# C++ Program to Find the GCDs of given index ranges in an array

Write a C++ program for a given array a[0 . . . n-1], the task is to find the GCD from index qs (query start) to qe (query end) where 0 <= qs <= qe <= n-1.

Example:

Input: arr[] = {2, 3, 60, 90, 50};
Index Ranges: {1, 3}, {2, 4}, {0, 2}
Output: GCDs of given ranges are 3, 10, 1
Explanation: Elements in the range [1, 3] are {3, 60, 90}.
The GCD of the numbers is 3.
Elements in the range [2, 4] are {60, 90, 50}.
The GCD of the numbers is 10.
Elements in the range [0, 2] are {2, 3, 60}.
The GCD of the numbers is 1 as 2 and 3 are co-prime.

## C++ Program to Find the GCDs of given index ranges in an array using Naive Approach:

A simple solution is to run a loop from qs to qe for every query and find GCD in the given range.
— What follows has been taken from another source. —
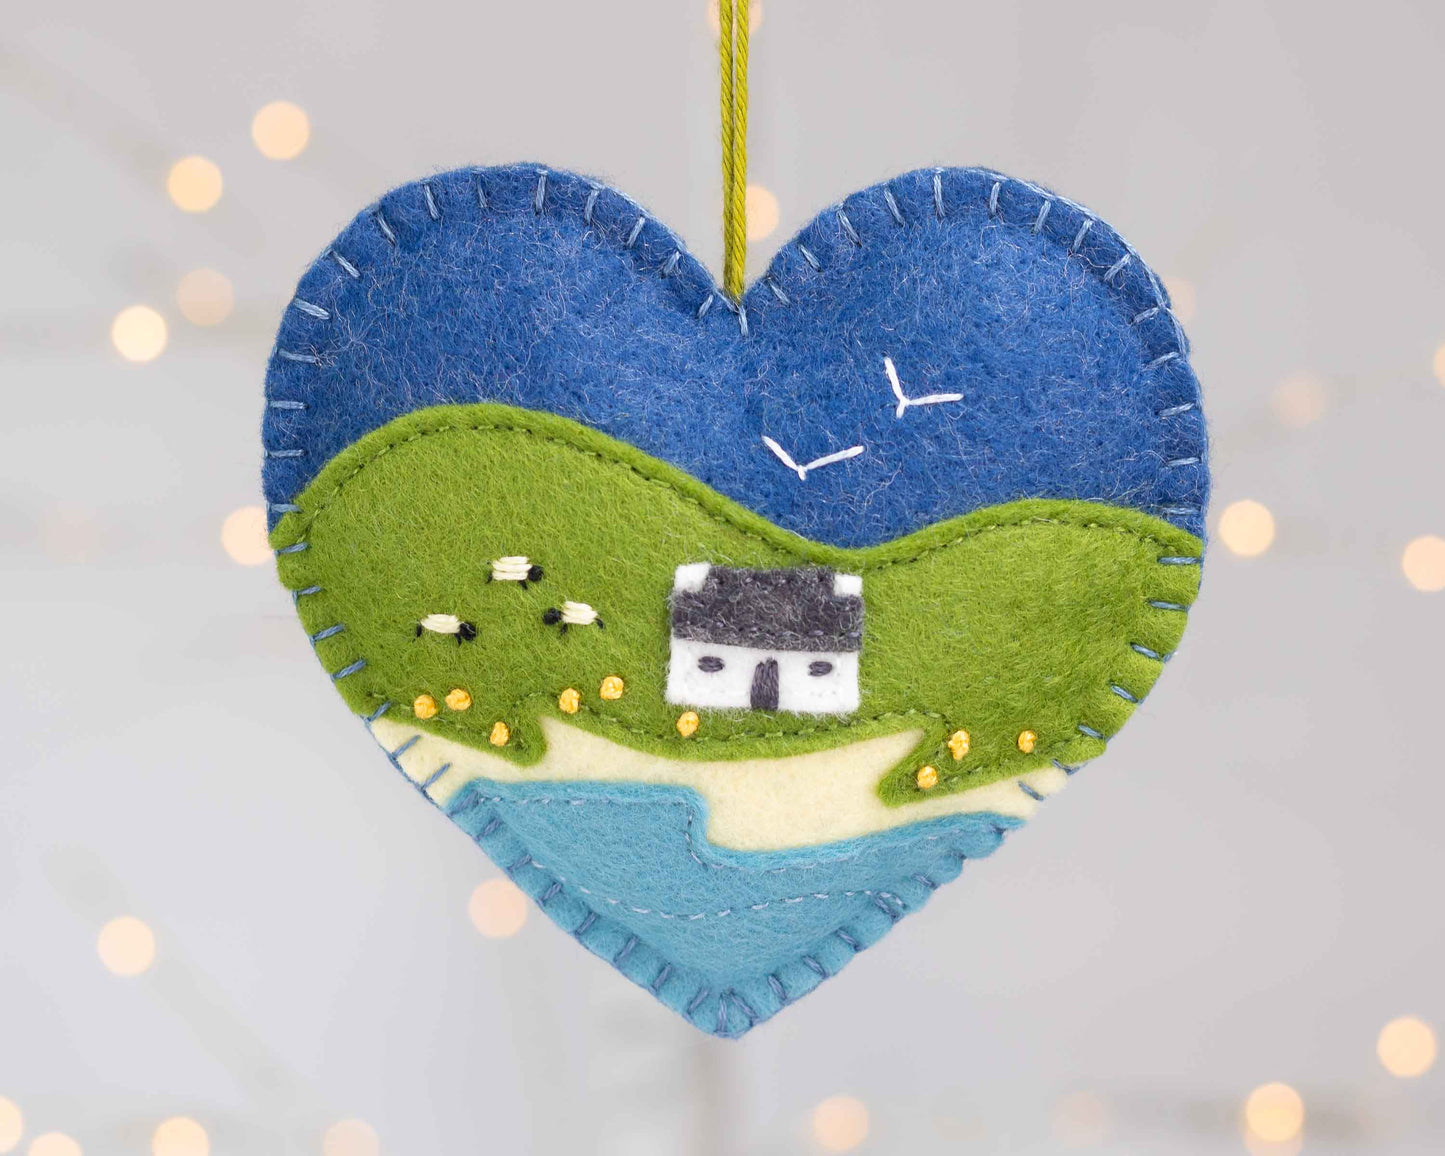 Irish Cottage Felt Heart Ornament

Time required to find gcd of all the elements from qs to qe will be O(N*log(Ai)) i.e do a linear scan and find the gcd of each adjacent pair in O(log(Ai))

Time Complexity: O(Q*N*log(Ai))
Auxiliary Space: O(1)

## C++ Program to Find the GCDs of given index ranges using 2D Array:

Another approach is to create a 2D array where an entry [i, j] stores the GCD of elements in range arr[i . . . j]. GCD of a given range can now be calculated in O(1) time.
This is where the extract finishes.